Mystery buyer snaps 4,1 pc Afdis stake

08 Nov, 2015 - 00:11 0 Views
Mystery buyer snaps 4,1 pc Afdis stake

The Sunday Mail

Enacy Mapakame
A MYSTERY buyer recently snapped up a 4,17 percent stake in wines and spirits maker African Distillers Ltd (Afdis) in a $2,9 million deal on the Zimbabwe Stock Exchange (ZSE).
The deal, which saw the unknown buyer pocketing 4,19 million shares of the counter, was sealed on October 27, 2015. Stockbrokers say the transaction was a “rare exchange” in a tightly held stock. They also suggested that someone is possibly shoring up their holding in the profitable firm as the deal was between a local buyer and a local seller. Despite attempts to find out the identity of the buyer, it could not be established by the end of last week.
Afdis’ shareholder register has not been updated to reflect the new shareholder changes nearly two weeks after the transaction, a situation analysts say should have been fairly expedient in an electronic stock market system. As at November 4, the register showed Afdis Holdings Ltd as the biggest shareholder with a 58,55 percent stake, followed by Old Mutual Life Association at 10,49 percent. Stanbic Nominees Private Ltd holds 6,29 percent, the Mining Industry Pension Fund 4,7 percent and Delta Corporation Ltd 2,84 percent.

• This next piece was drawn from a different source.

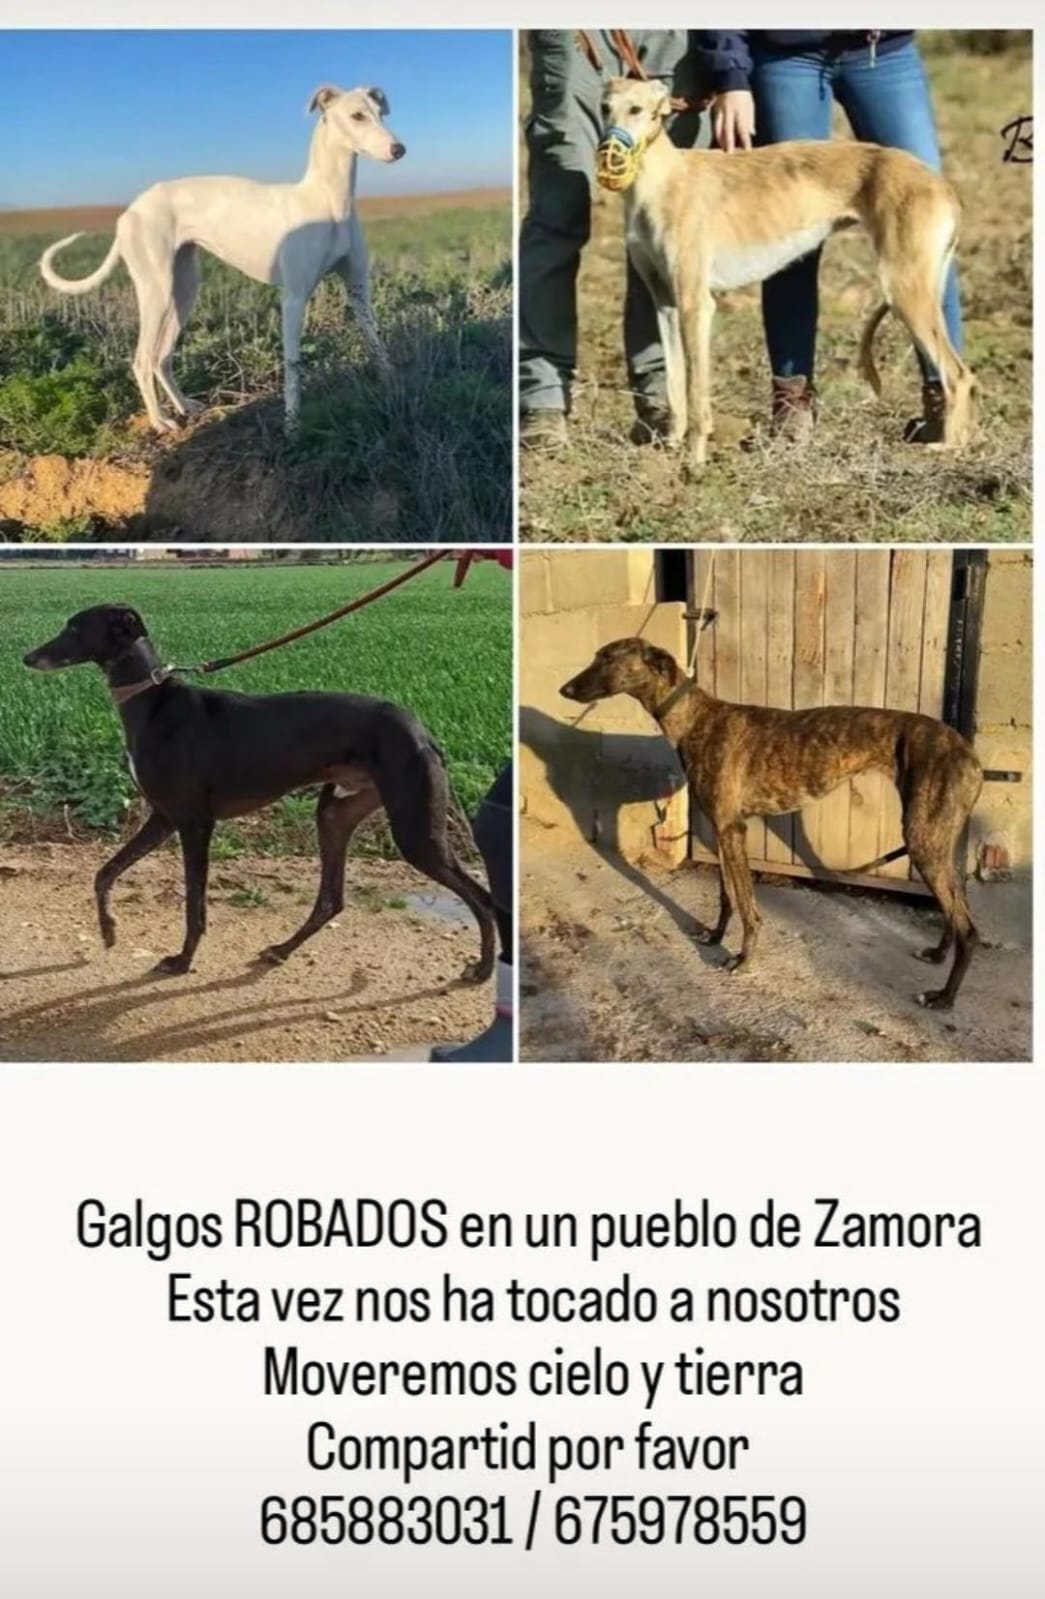 Galgos robados en Zamora

Meanwhile, on Wednesday Afdis reported that the group’s volume growth continues to outpace last year’s performance on growing demand for its ciders and wines. Revenue is however lagging behind as spend on high value spirits tapers out in line with the prevailing economic conditions.

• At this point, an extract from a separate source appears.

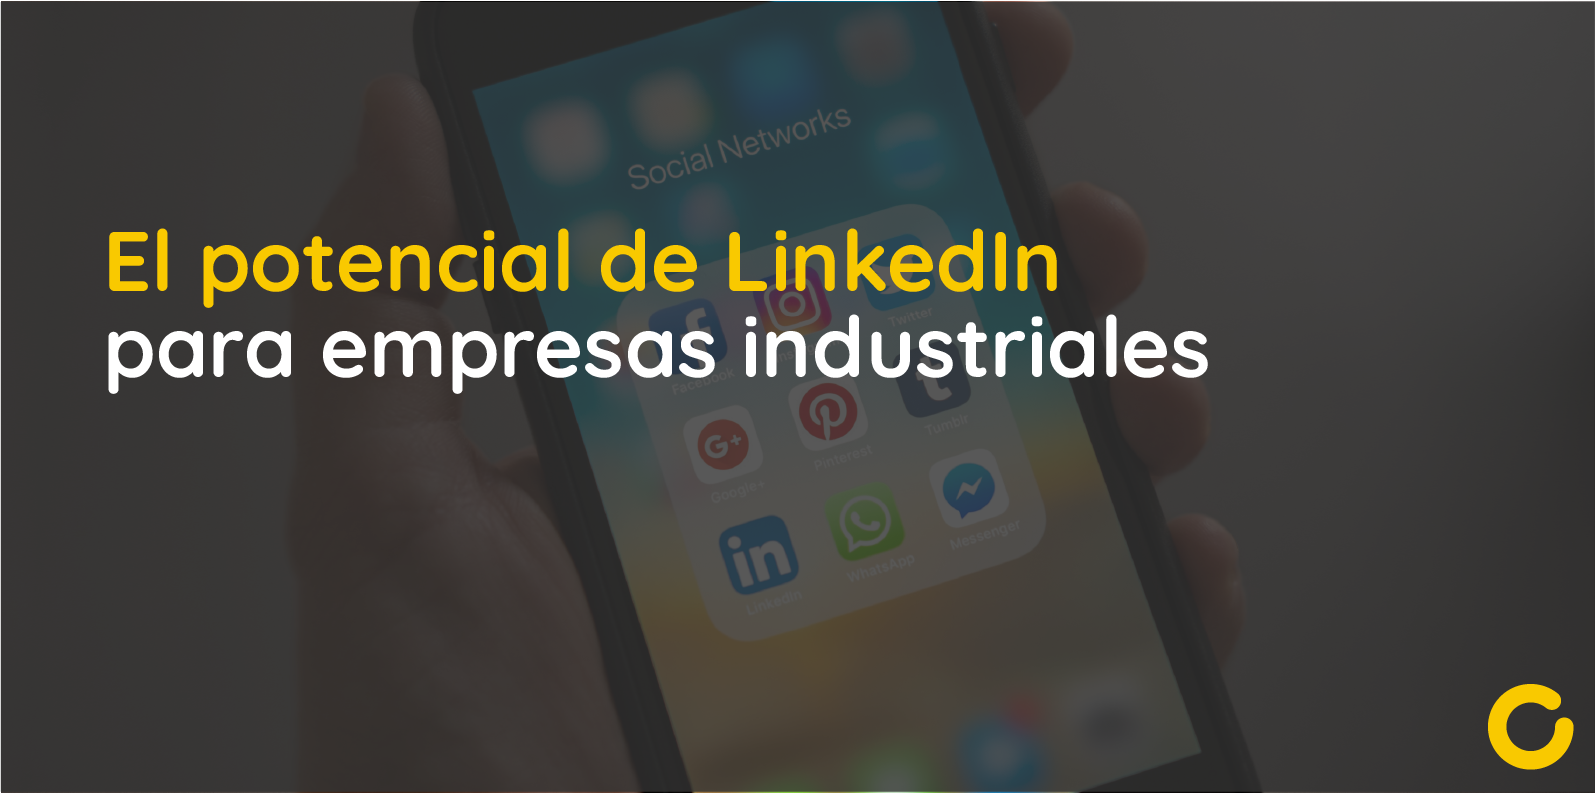 El potencial de LinkedIn para empresas industriales

Mr Gombera told shareholders at the company’s AGM in Harare last week that the whiskey segment was expected to grow 22 percent this year spurred by popular brand Gold Blend.

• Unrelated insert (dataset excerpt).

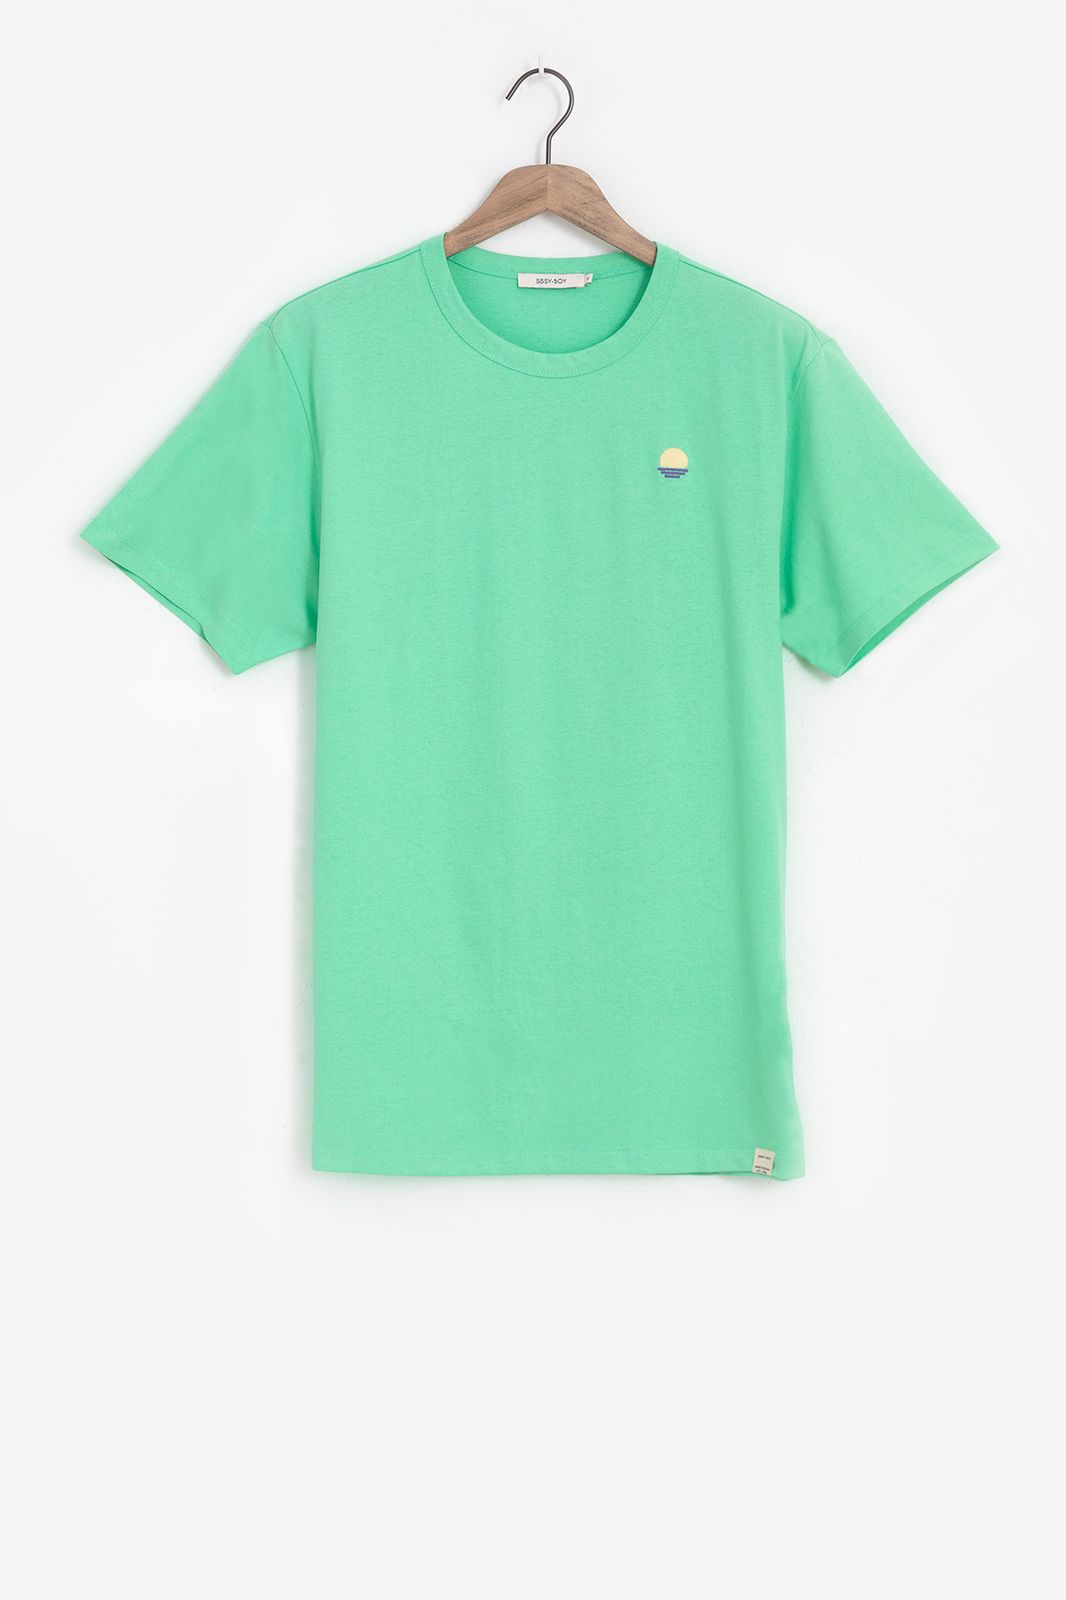 Baumwoll-Shirt mit Stickerei - grün

Despite significant competition, the spirits business – contributing more than 58 percent of Afdis’ total volumes – grew 8 percent from a year earlier. “Our brown spirits will no doubt continue to dominate the segment and gain market share driven by the very popular Gold Blend Whiskey.
“The white spirits face stiff competition from affordable house brands launched by some retail chains but our vodka brand, Nikolai will contribute meaningfully to volumes for the business to remain competitive in this segment,” said Mr Gombera at the company’s 65th AGM where shareholders also approved a share buyback.
The shares will be acquired at not more than 5 percent and 5 percent below the weighted average of the market at which the shares are traded on the (ZSE). Analysts forecast a strong performance for Afdis on the back of growing demand in ciders. It is believed that ciders, unlike lagers, have not been badly affected by slowing demand. Local production of ciders began this year. Demand for wine is also projected to grow in the next five years driven mainly by sweet wines. The wines category is the smallest product category both in volumes and value.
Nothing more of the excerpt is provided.